Happy to answer any other questions you may have. Hope that helps.


----------



## Colonel Blimp (Jun 1, 2004)

John,

This is a brief description of what happens at a UK Retriever Field Trial: it's a cut 'n paste job from an old piece on Eric Begbies' site, written by my friend Jeff Boston an FT judge. I've deleted the bits about Spaniels and Pointers, and tidied up some other stuff. 

"In contrast to a US Trial, UK FT's are conducted on (as near as possible) a normal shooting day, nothing is set up, staged or artificial, so the concept of "series" that test for certain specific skills is unknown; as a handler in an FT you never know in advance what you will be asked to retrieve or from where. Many times the dog can be sent for a retrieve, flushing unshot game on the way out and back which the dog is expected to ignore. The dog is also expected to walk in a line of maybe six dogs, 3-4 judges, 6-8 guns, stewards and game carriers, at heel, off lead, while birds are flushed and shot also to sit quietly while another dog is working, *all without commands*. At a drive (as opposed to a walk-up) the dogs will sit quietly in the line while scores of birds are flushed by the beaters over the dogs and the guns in the line, many birds will fall some dead some wounded and flapping and some will get up and run, all of which can happen within a few yards of the sitting dogs. The three most crucial elements for a UK gundog are *gamefinding steadiness and obedience.*

In the UK our dogs are never expected to retrieve from 400 yards, multi entry, multi-point water blind etc. etc. This is not what UK gundog work is all about. The dogs are judged on their natural gamefinding abilities plus their response to their handler, on actual work in the shooting field. Dogs are trained to work in an entirely natural environment although 250 yard retrieves are not uncommon. In a UK walked-up Field Trial the birds are retrieved as they are shot. You could be asked to do a blind retrieve of snipe from a swamp for which you would be given a approximate guide as to the area, or a pheasant runner out of sight in dense woods, perhaps a wounded hare deep in a valley thick with bramble, maybe a small grouse from acres of gorse/heather covered moorland, geese or duck from lakes or rivers.

In UK trials, as well as being 'in-line' for long periods of time, the dog will be kept on the lead with the handler during the course of the day rather than in the truck. Therefore a dog could be on the lead for a couple of hours waiting to go in line while all around it game is being shot and seen to fall. The dog has to have the right temperament and training to be able to cope with this and then go 'in-line' and remain quiet and steady. When on the lead the dogs are not being technically judged, but they are still expected to remain quiet and not receive harsh corrections from their handler. Believe me, there can be lots of standing around waiting at UK trials, as you have to wait for sufficient game to be shot and retrieved by other competitors before your dog gets its chance.

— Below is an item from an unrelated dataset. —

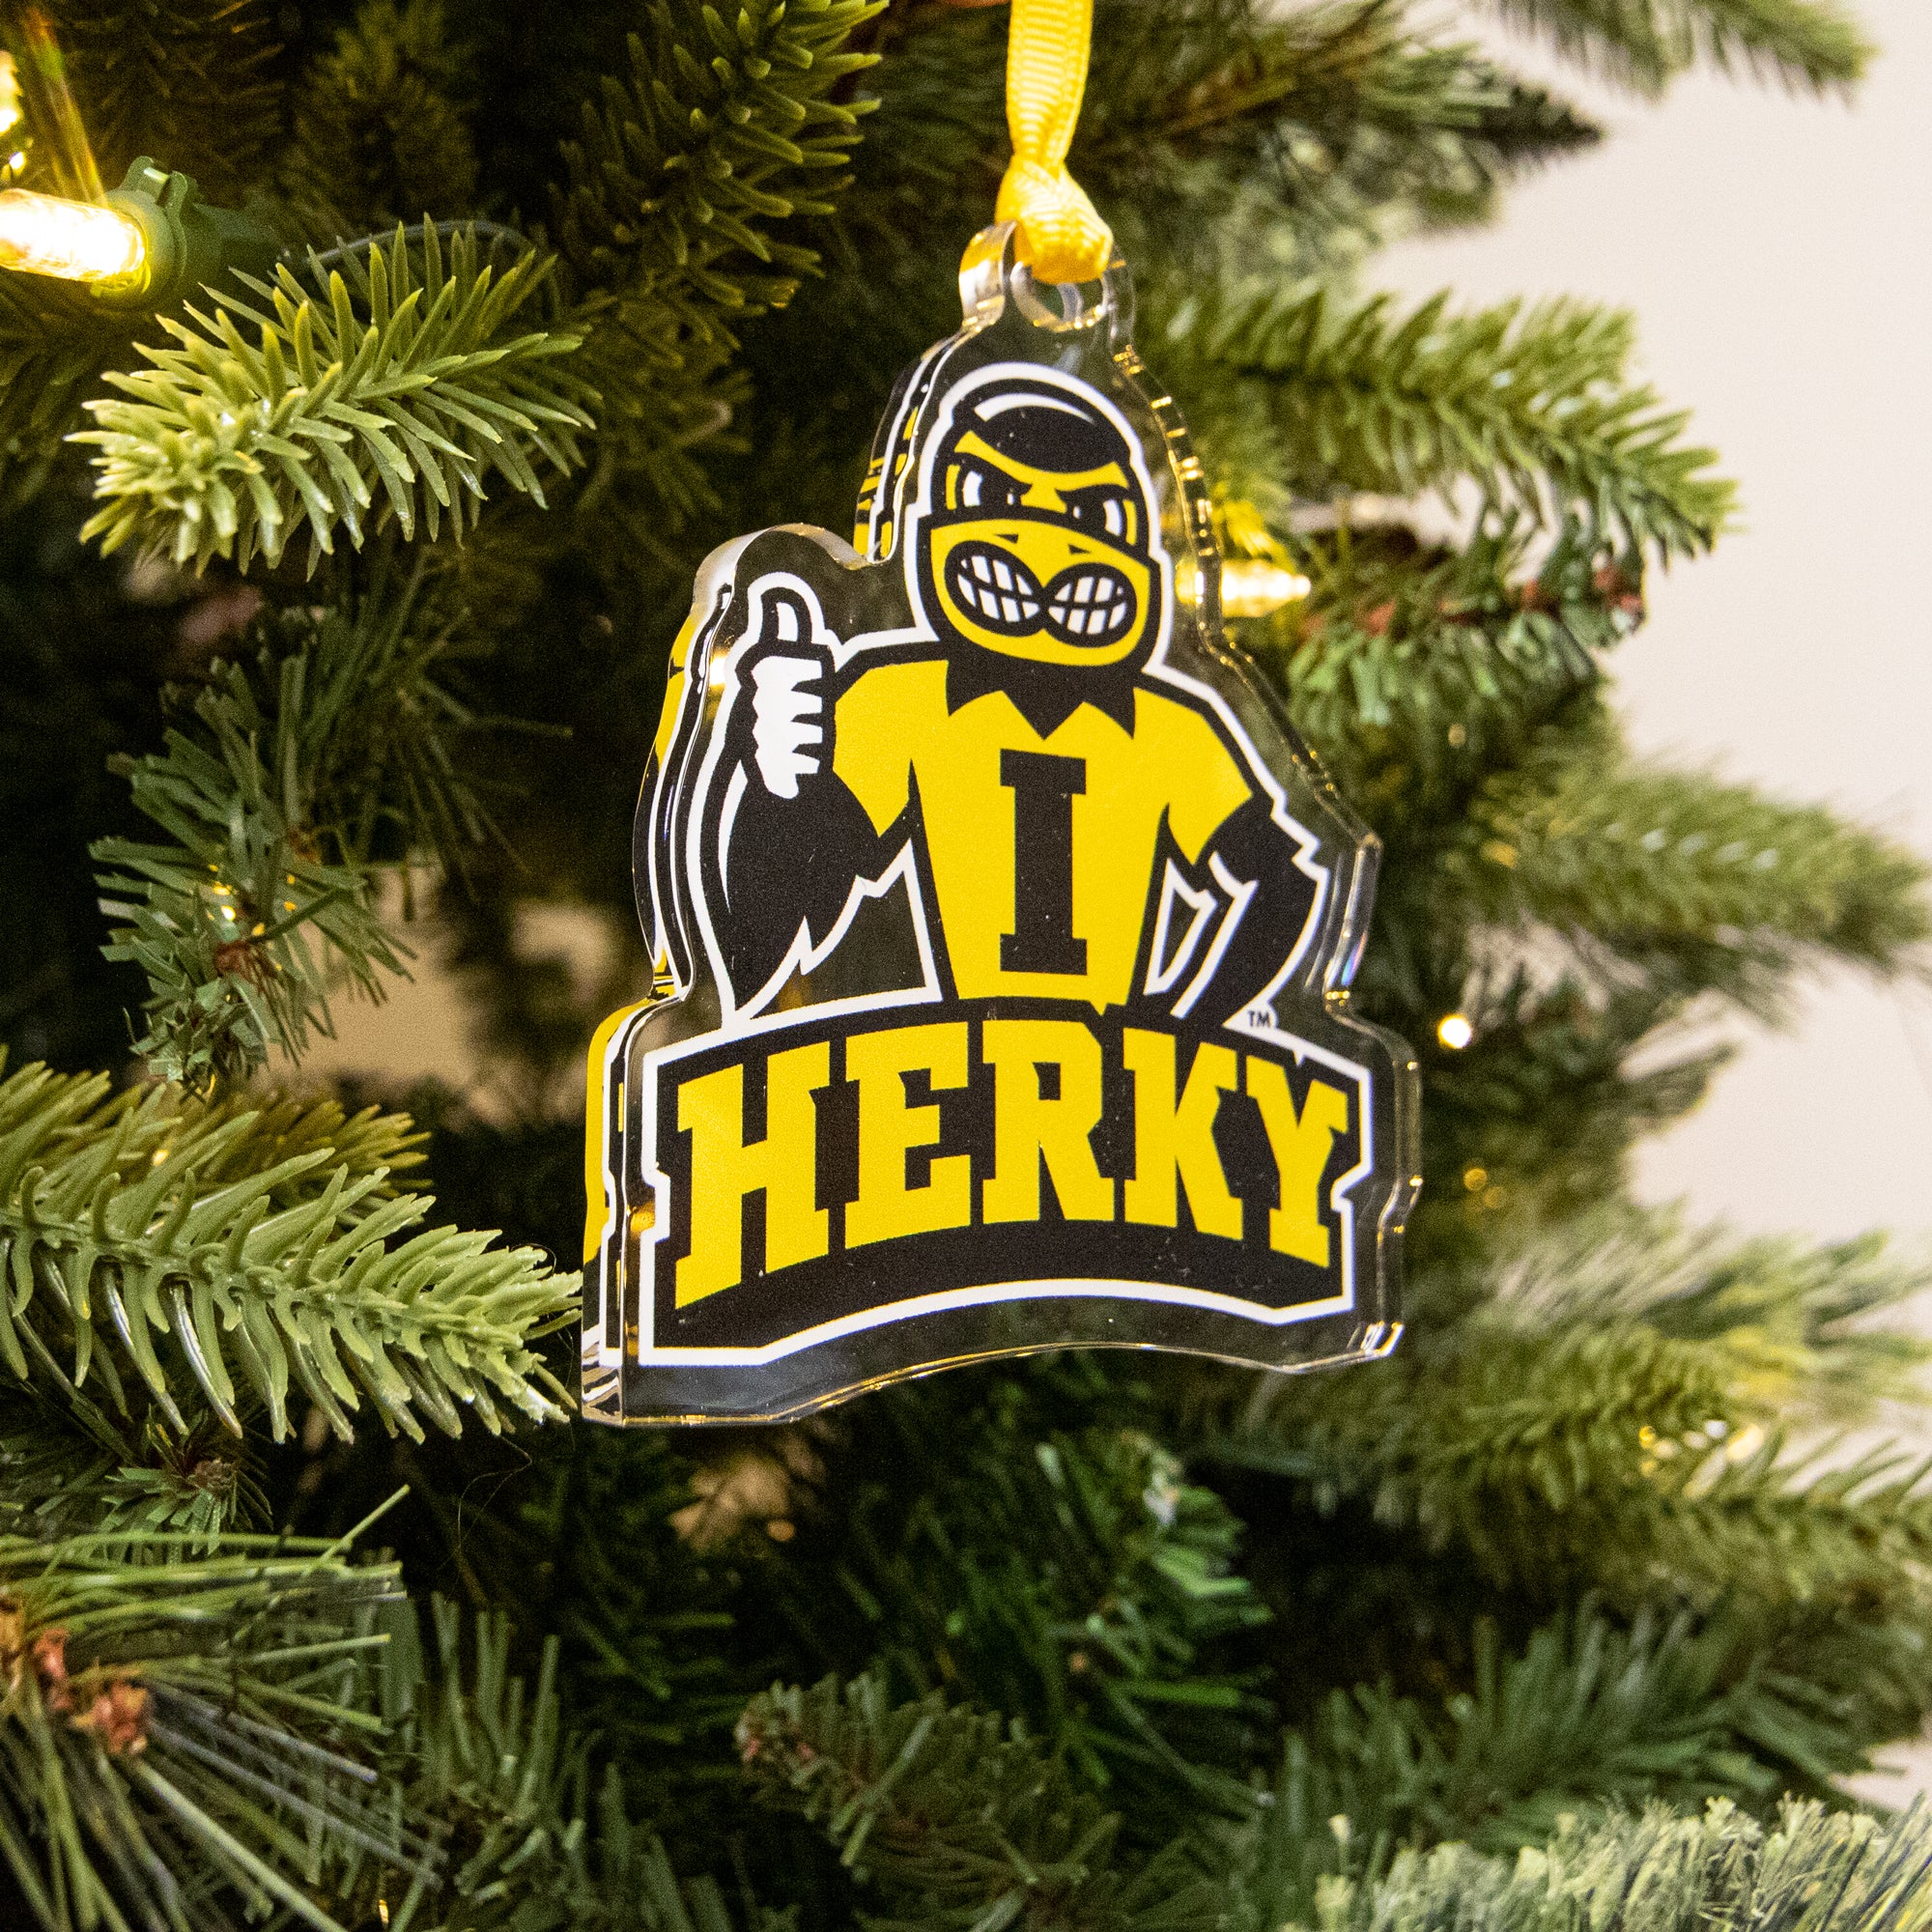 Iowa Hawkeyes - Herky Dimensional Bag Tag & Ornament

How steady is steady? A dog is expected to sit quietly at heel throughout the time it is in the line unless called upon to retrieve. If walking-up the dog should be by the side of the handler, should stop when the handler stops and walk when the handler walks. If the dog is forging ahead of the handler and there is a gap between the dog and the handler it is too far and may result in disqualification, in any event it would be noted in the judges book and could count against it in the final stages of a trial. As far as noise, whining or giving tongue is an eliminating fault, *I have been trialing for many years and cannot ever remember a dog barking or yelping whilst under the judge*. The reasons behind these requirement is that if I am out shooting I want my dog to walk quietly at heel and off lead, stopping when I stop etc. and retrieving when commanded. I don't want a dog that is over excited and noisy, disturbing game and needing my attention to control him. I am shooting, the dog has his job.

Handling on marks: If at all possible it is avoided, but when constantly working on ground containing lots of game the dog can get sidetracked or perhaps the terrain may be difficult and so he may need handling onto the mark. Also, during a drive several birds may be shot in view of the dog, but the handler is usually directed by the judge to send the dog for a specific bird. The bottom line is that it is vital the bird is retrieved as failure could mean being put out. The judge will assess how much of the handling was acceptable and how well the dog responded and mark accordingly.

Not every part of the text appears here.